Open glicerico opened 3 years ago
@glicerico, I've just created a new fork from yours. I made some changes to the code related to running on gpu. Also added annotations to the classes. And added evaluation of the model on a test dataset. The problem is, when using your trained checkpoint, my eval method gives me quite poor results. May I ask you to try it on your side and see if there is any problem with your trained checkpoint or with my code? My fork is here https://github.com/PolKul/CASA-Dialogue-Act-Classifier.git
here is the result of running Eval on your checkpoint "epoch=29-val_accuracy=0.751411.ckpt"

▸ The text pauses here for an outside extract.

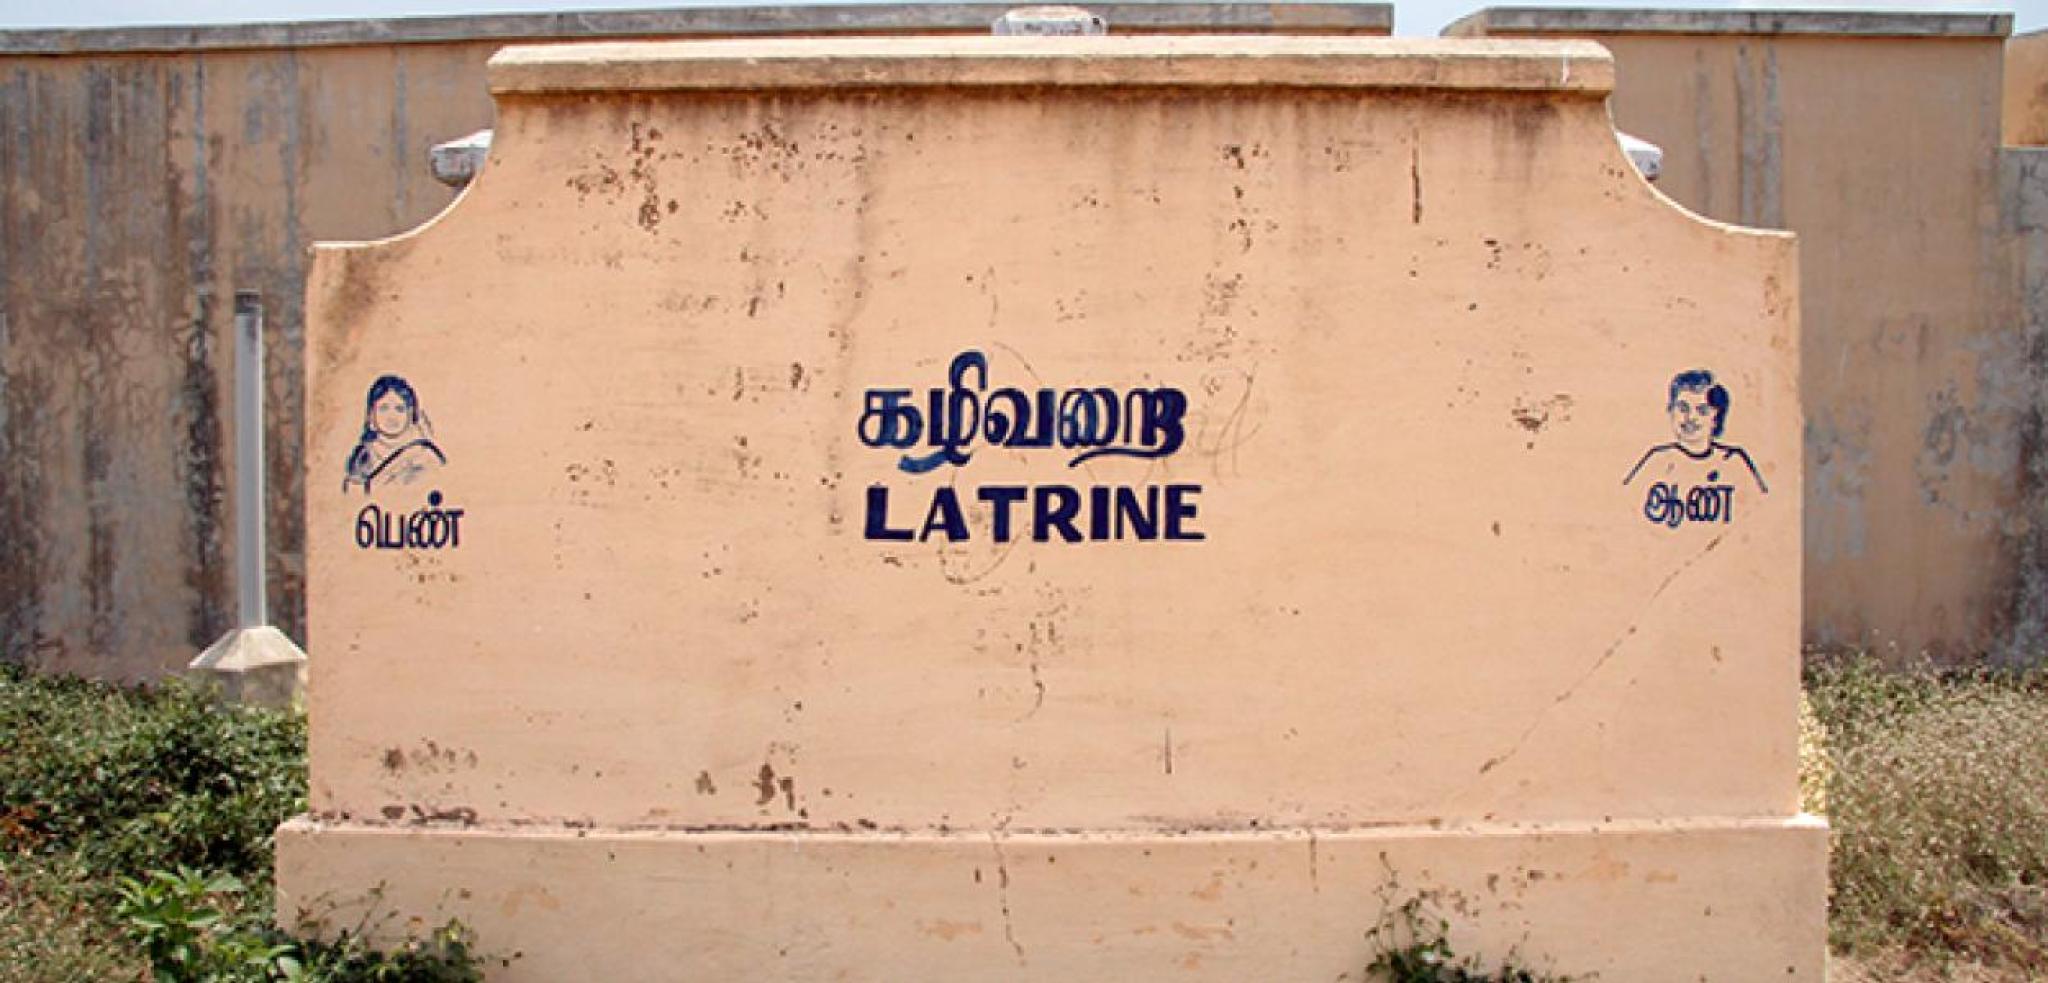 Outside wall of a concrete toilet building with Latrine written on the side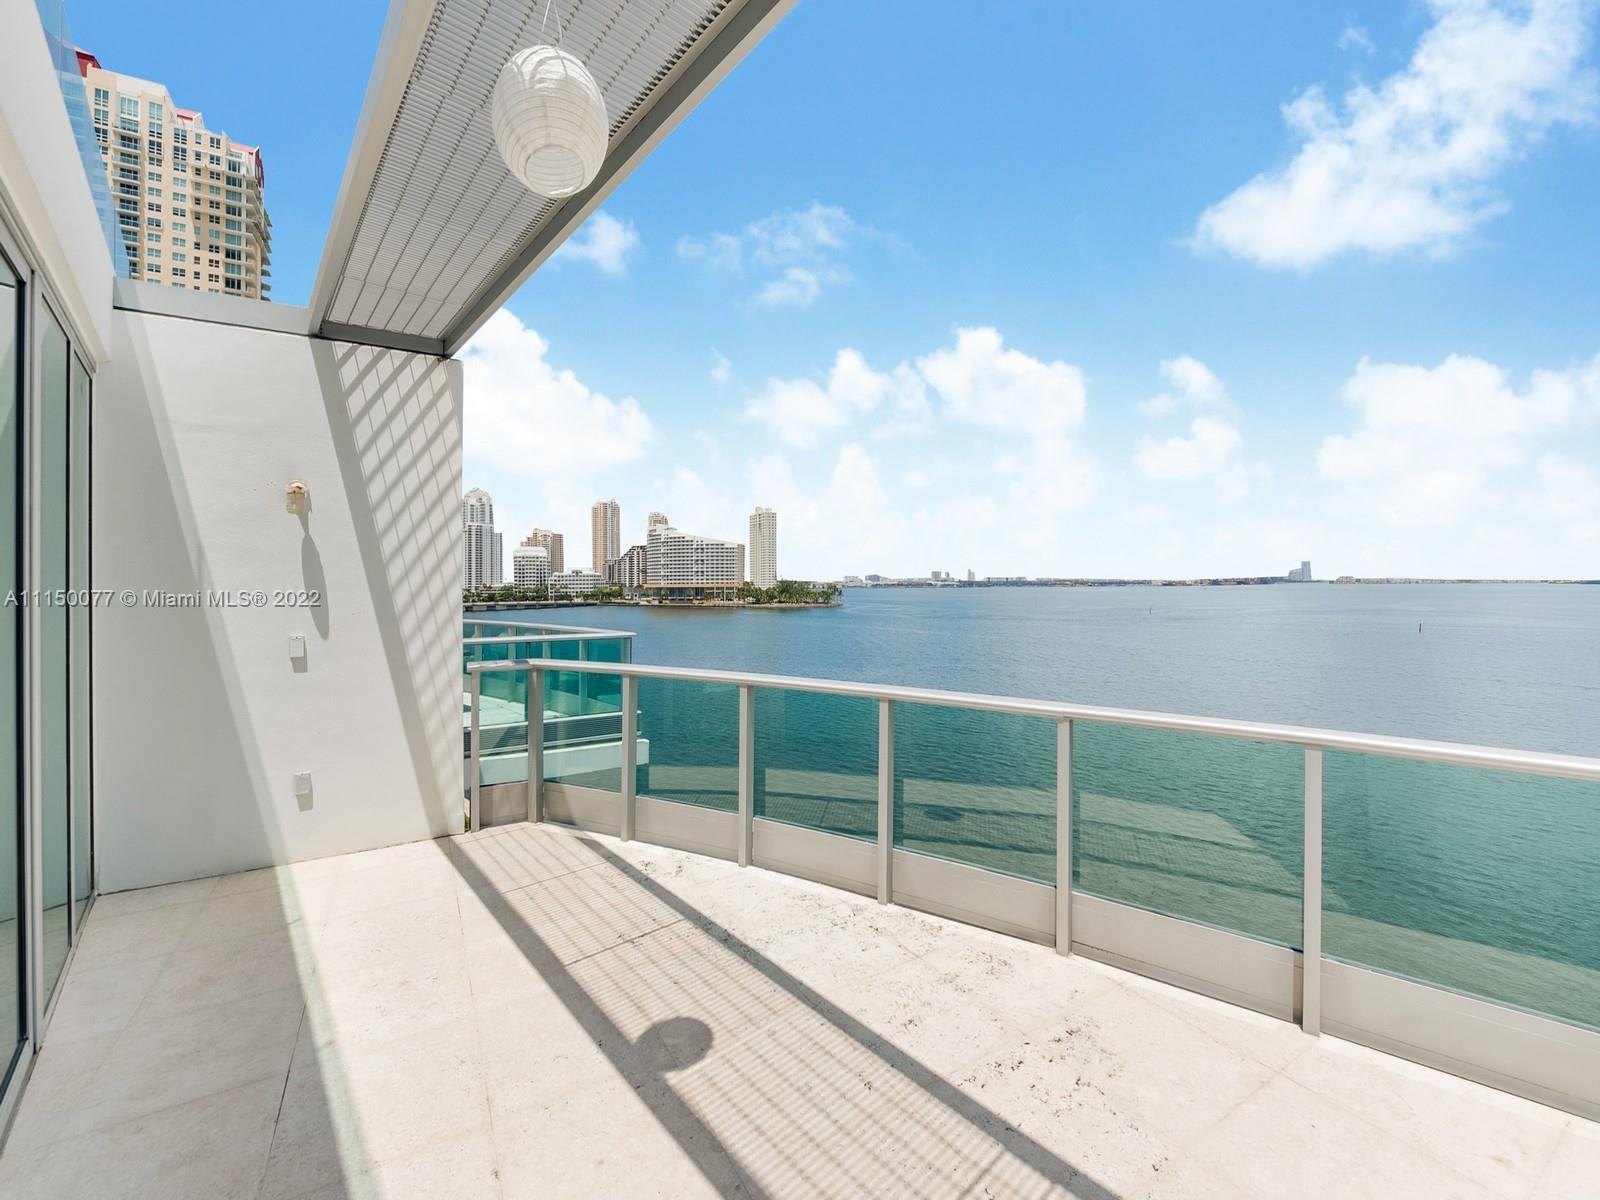 One of a kind direct bay views from every room in this three-level loft at the Jade. A spacious livi

precision recall f1-score support
0 0.59 0.81 0.68 360
1 0.00 0.00 0.00 328
2 0.00 0.00 0.00 19
3 0.00 0.00 0.00 0
4 0.00 0.00 0.00 7
5 0.00 0.00 0.00 17
6 0.00 0.00 0.00 208
7 0.00 0.00 0.00 7
8 0.00 0.00 0.00 27
9 0.00 0.00 0.00 3
10 0.00 0.00 0.00 3
11 0.00 0.00 0.00 765
12 0.00 0.00 0.00 21
13 0.00 0.00 0.00 76
14 0.00 0.00 0.00 1
15 0.00 0.00 0.00 23
16 0.00 0.00 0.00 21
17 0.00 0.00 0.00 28
18 0.00 0.00 0.00 9
19 0.00 0.00 0.00 2
20 0.37 0.09 0.14 81
21 0.00 0.00 0.00 16
22 0.00 0.00 0.00 5
23 0.00 0.00 0.00 7
24 0.00 0.00 0.00 23
25 0.00 0.00 0.00 10
26 0.00 0.00 0.00 6
27 0.00 0.00 0.00 26
28 0.00 0.00 0.00 6
29 0.00 0.00 0.00 73
30 0.00 0.00 0.00 0
31 0.00 0.00 0.00 12
32 0.00 0.00 0.00 16
33 0.00 0.00 0.00 2
34 0.00 0.00 0.00 55
35 0.00 0.00 0.00 1
36 0.00 0.00 0.00 84
37 0.01 0.33 0.01 36
38 0.20 0.11 0.14 1317
39 0.00 0.00 0.00 718
40 0.00 0.00 0.00 1
41 0.00 0.00 0.00 0
42 0.00 0.00 0.00 94
accuracy 0.10 4514
macro avg 0.03 0.03 0.02 4514
weighted avg 0.11 0.10 0.10 4514
It shows accuracy of only 10%...
Hey @PolKul , as commented in one of the issues, that checkpoint was trained before the classes problem was solved, so it probably is using the wrong labels.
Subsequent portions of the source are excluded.